Yo, this movie makes no sense. Dream sequences and non sequiturs and red herrings and where-the-hell-are-we-now mini-excursions and false starts out the ass.
No major blockbuster in years has been this incoherently structured, this seemingly uninterested in telling a story with clarity and purpose.
A popcorn film — and this is a popcorn film — should never feel like Sunday night homework.
Constantly threatening to collapse from self-seriousness, this epic has way too much of everything, including CGI and Oscar winners up the wazoo.
[A] convoluted, horribly written story featuring poorly written characters making inexplicable choices. It doesn’t matter who wins in Batman v Superman because the audience loses either way.
Even a little kid (like the ones who will be scarred if you take them to see this movie) knows that Batman and Superman will eventually become friends. The way it happens is so ridiculous that I wanted to throw popcorn at the screen, but this was at least two hours in and I’d already eaten it all.
Michael Roffman, Consequence of Sound
Batman v Superman: Dawn of Justice isn’t a film. It’s a two-and-a-half-hour movie trailer.
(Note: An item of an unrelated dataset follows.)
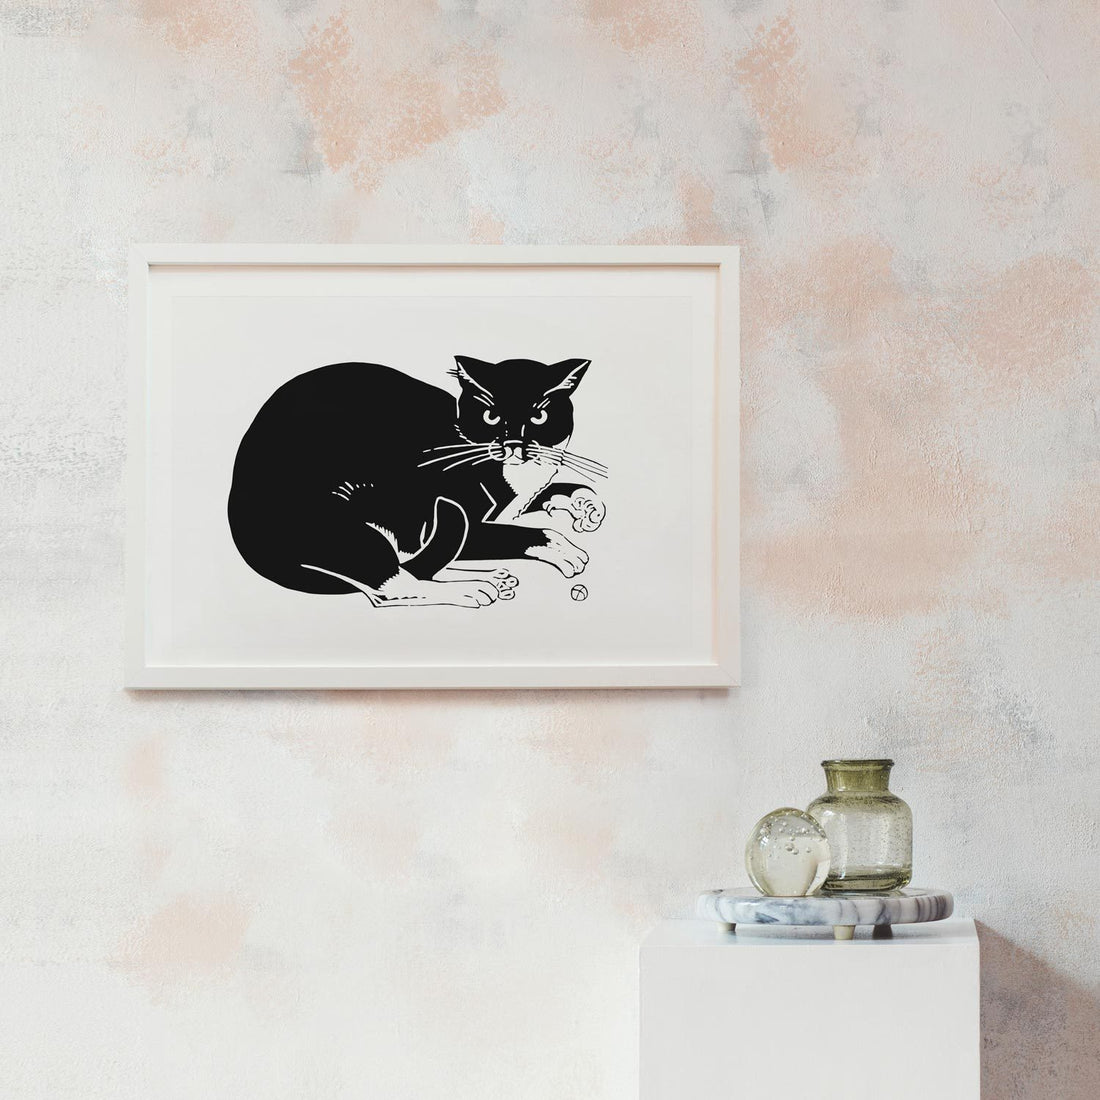 Illustration Print with black cat

Better yet, it’s one of those videos that pop up on screens before a ride at Universal Studios, where all the actors speak to you and keep hinting at bigger things to come — you know, like a ride?
“[A] cluttered two-and-a-half hour collision that aims to bludgeon viewers into submission.”
“It’s also not much fun: Barely a minute goes by when there isn’t a character or real-life talking head (Charlie Rose and Neil deGrasse Tyson both make cameos) showing up with some droning pronouncement about how humans today, savvy and mistrustful as we are, still need to believe in gods and heroes.”
Overlong, underdeveloped and almost entirely humorless.
It just wears you down and wears you out, making you wonder if there was ever such a thing as a hero anyway.
Honestly, I can’t remember the last time I was legitimately looking this forward to a movie that I found this dull. About halfway through this over two-and-a-half hour movie, I had to stop my brain from thinking about other things, like what groceries I needed to pick up at some point.
You’re gonna go see it anyway, though.